This explanation does move us in the right direction in terms of answering both why economic elites want higher interest rates – despite the economic illiteracy of this response – and why the working classes have lost out.  But there are some difficulties we have to address.  First and foremost, it’s not clear that in the scenario depicted above, capital would have to call on the state to help it defend its profit-share.  Even if labour was capable of winning higher wages, rather than “reduce profits” capital could simply “increase prices”, as Kalecki notes.[i]  When you have this option, why bother with the state.
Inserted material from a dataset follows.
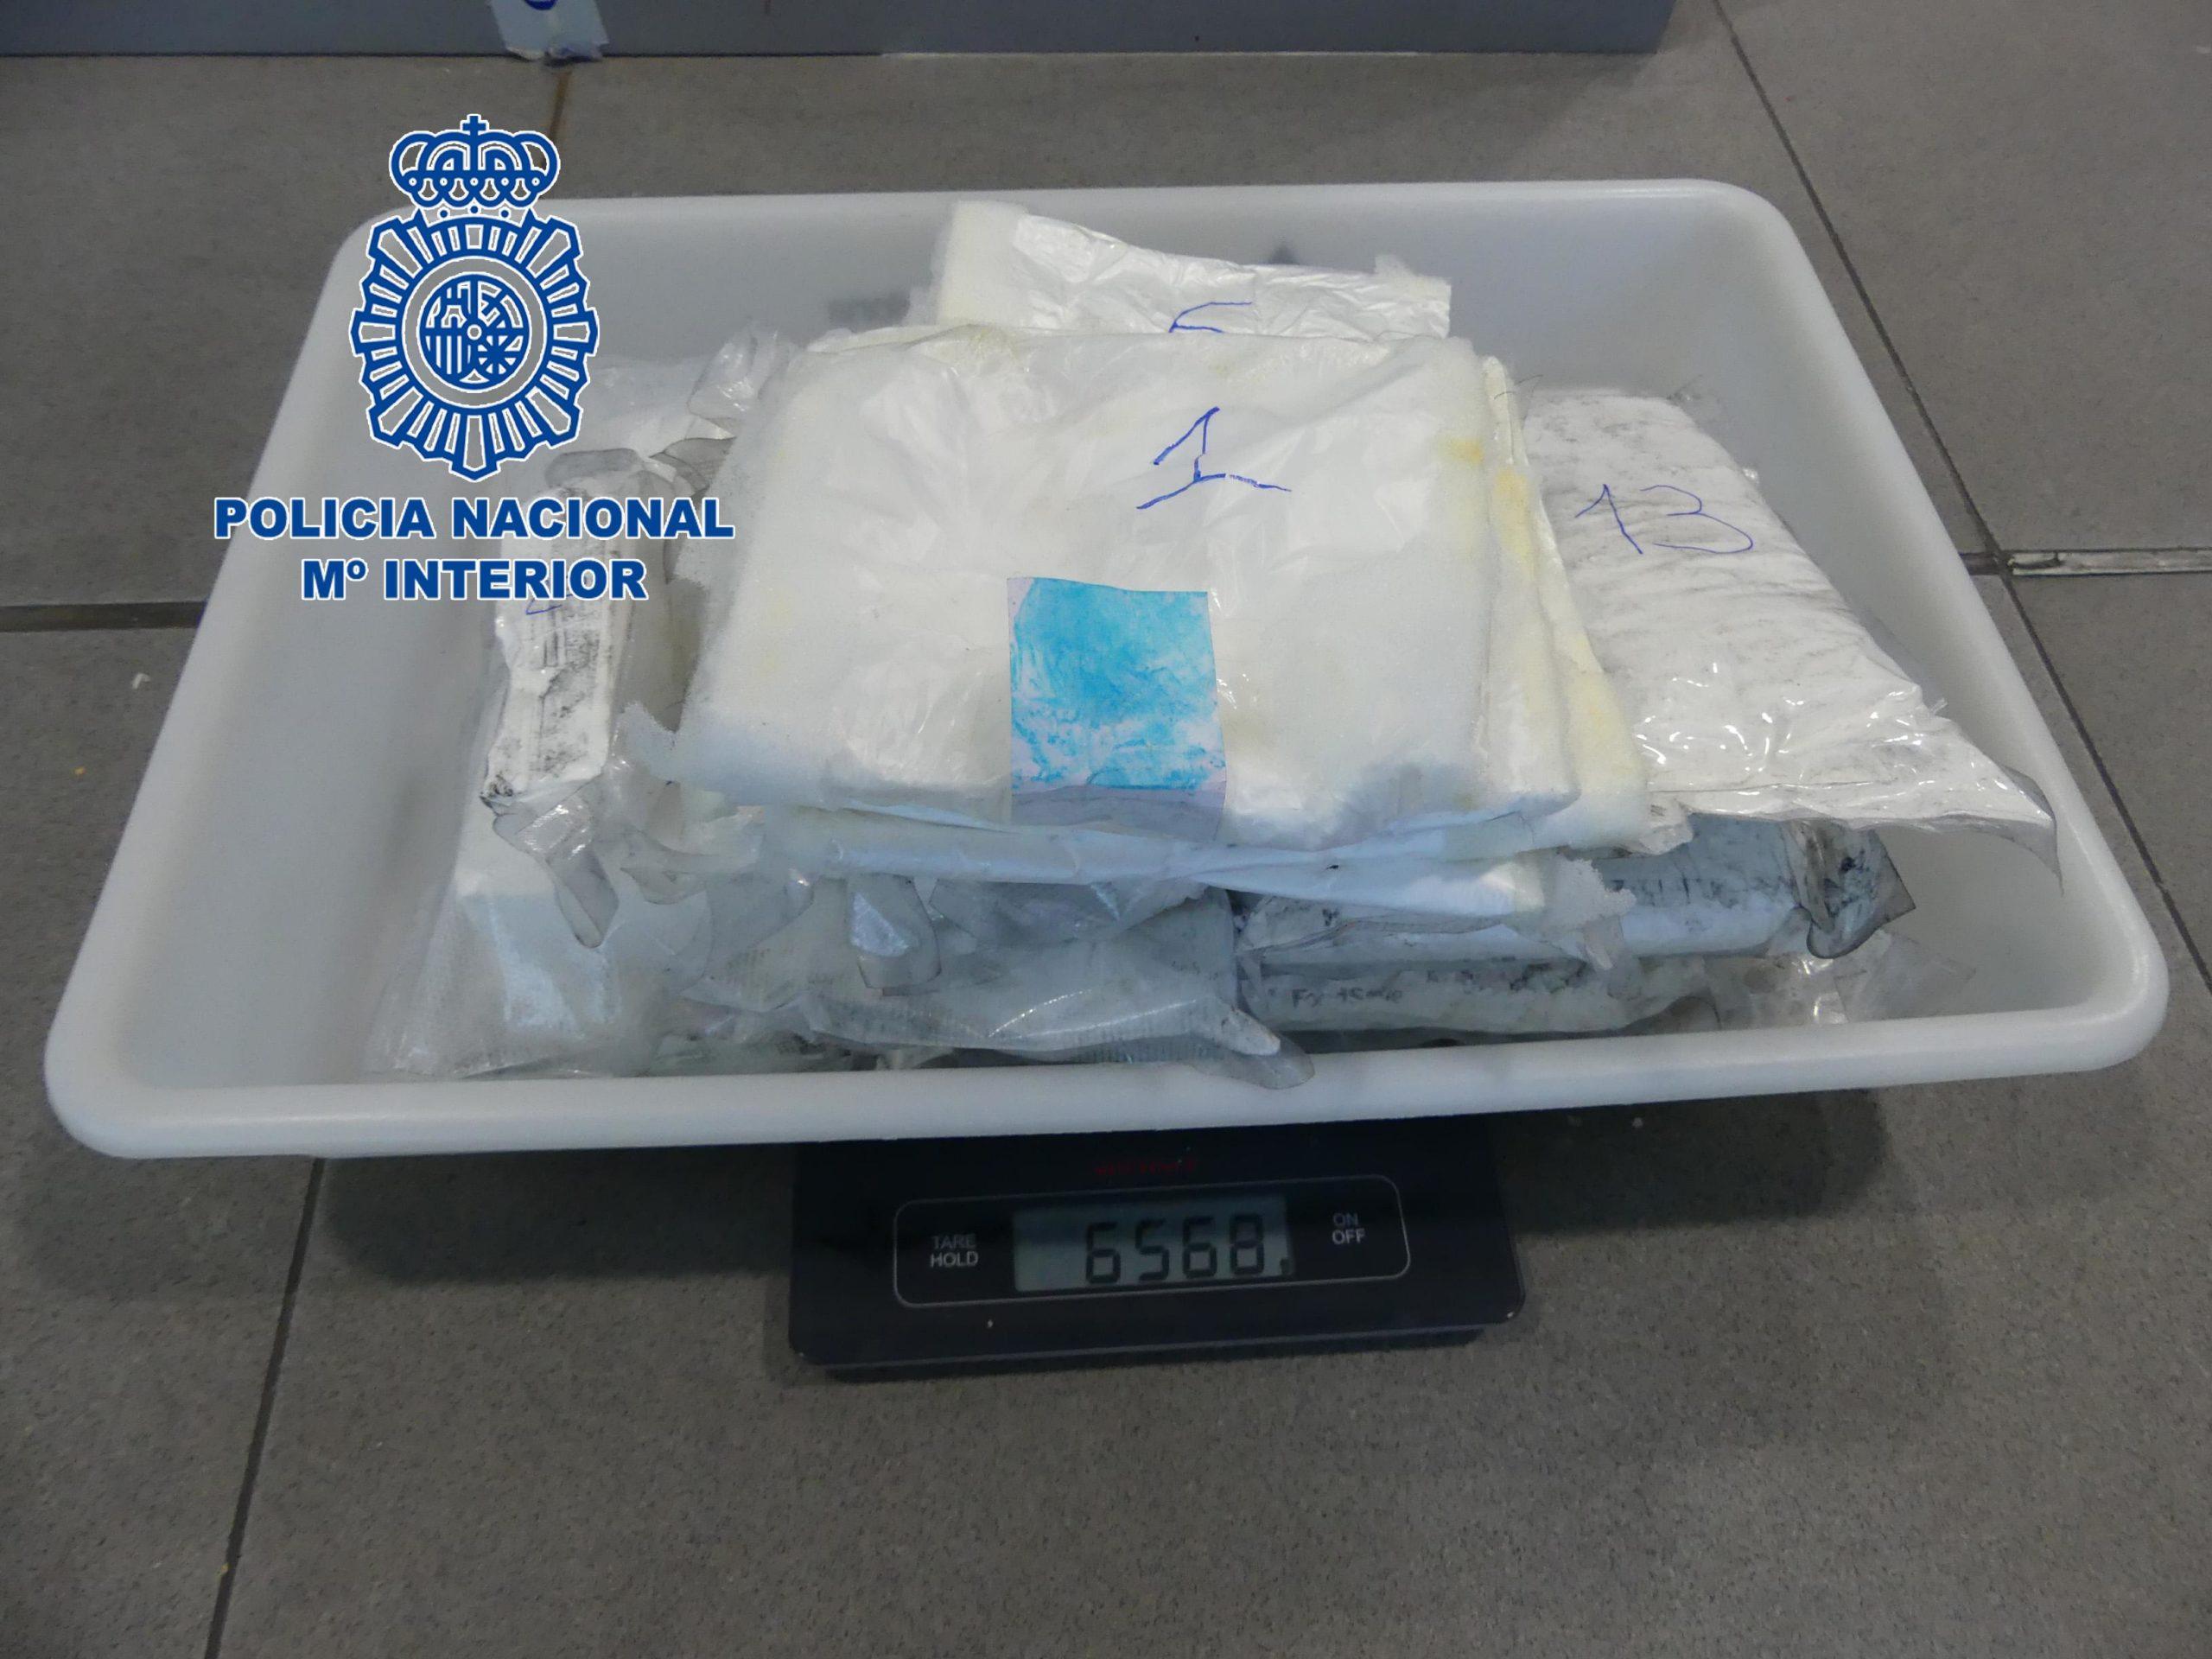 Cocaïna localitzada al doble fons d'una maleta | Policia Nacional
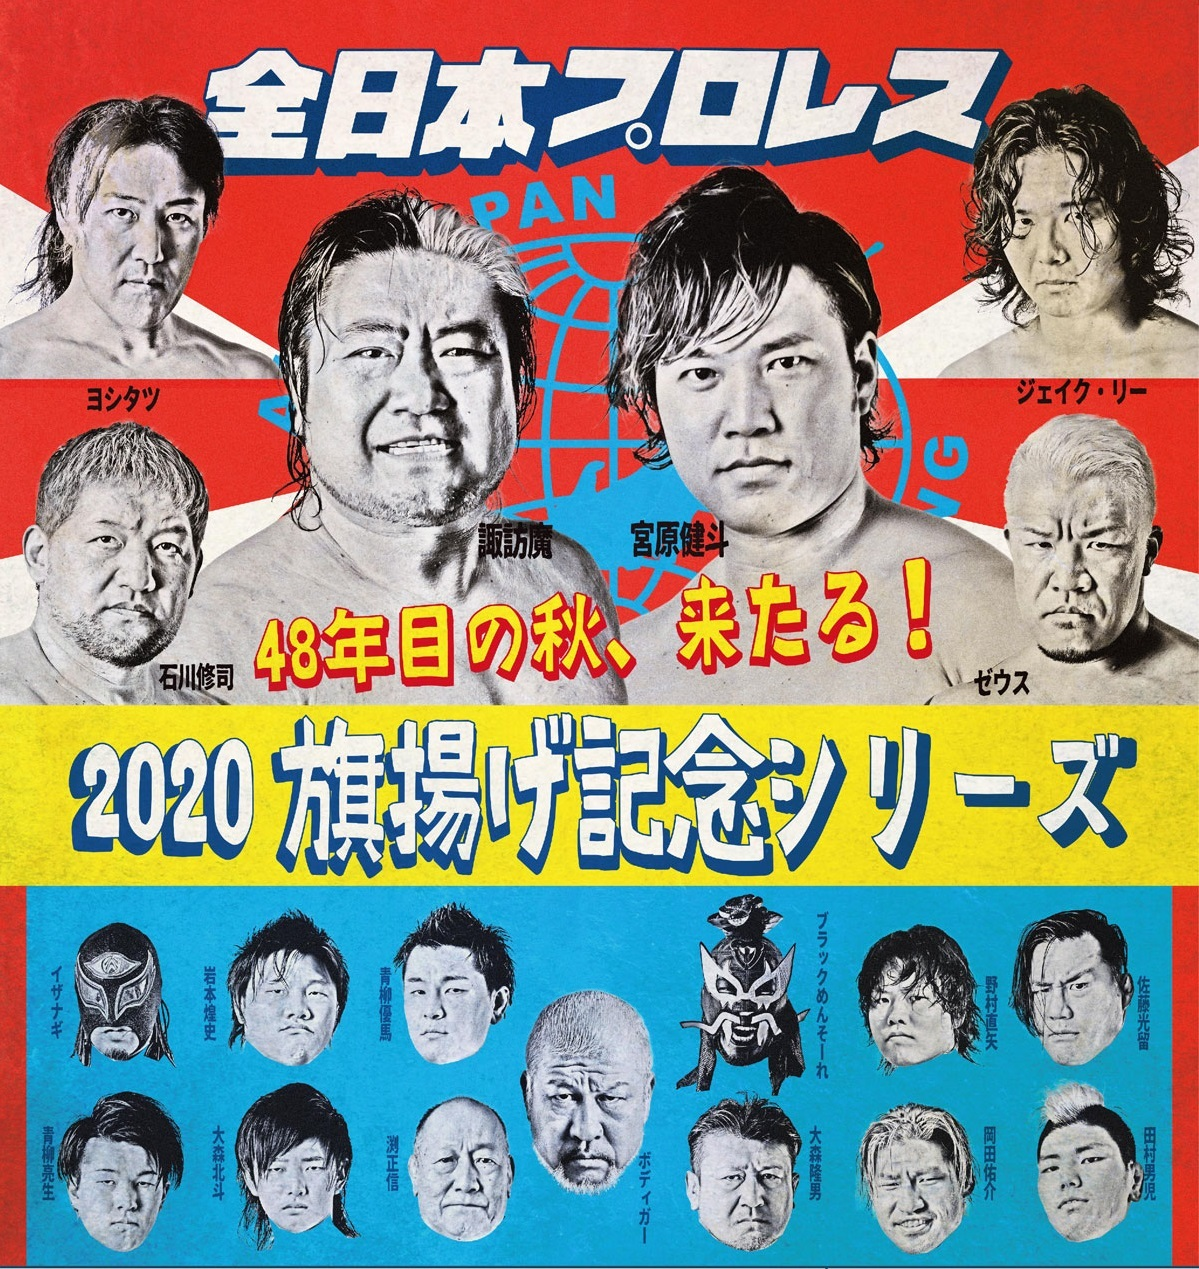 全日本プロレスは10月17日(土)・18日(日)・24日(土)に『2020 旗揚げ記念シリーズ』を開催する

The labour-capital antagonism is basic to our society, however, and the particular iteration of this conflict we’ve been discussing is situated within a wider context, one in which labour has been getting stronger. Due to factors such as chronic ill-health, inadequate childcare provisions, and a rise in early retirement, Britain’s workforce is shrinking; and as demand for labour outstrips supply, workers will be able to command higher pay; their bargaining power will increase.

Of course, we shouldn’t get ahead of ourselves.  British workers remain weak by historical standards (more on this below).  But as Kalecki stresses, capital fears that as the power of workers grows, so too will their “self-assurance and class-consciousness”, undermining “discipline” and “political stability”.[ii]  This sort of fear is certainly in play.  Representatives of capital in politics and media have warned that labour shortages “are the shape of things to come” and that after “four decades in which capital [has] dominated labour, [the] pendulum [is] beginning to swing the other way”.  Capital would clearly want to reverse these trends and uphold a regime in which it is dominant.

Thus, when we situate this inflation-induced distributional conflict in the broader context of Britain’s tight labour market, we can see why economic elites want higher interest rates. It’s not so much that they want the state to help them defend their share of material rewards, but more that they want the state to help them maintain their class power.  And in tightening monetary policy, the Bank is representing this class interest.  Andrew Bailey, the Bank’s governor, stated that a shrinking workforce is “the reason why we have had to raise the Bank Rate”.  Similarly, in their address to the Treasury Select Committee in February 2023, leading Bank officials said that, “if things we see lead to greater intensity in [the] distributional battle”, then “monetary policy will be tighter” to bring about “a loosening in the labour market”.[iii]  Our rulers have tightened monetary policy because they are allied with the interests of capital; and this alliance goes a significant way to explaining why Britain’s working classes have lost out.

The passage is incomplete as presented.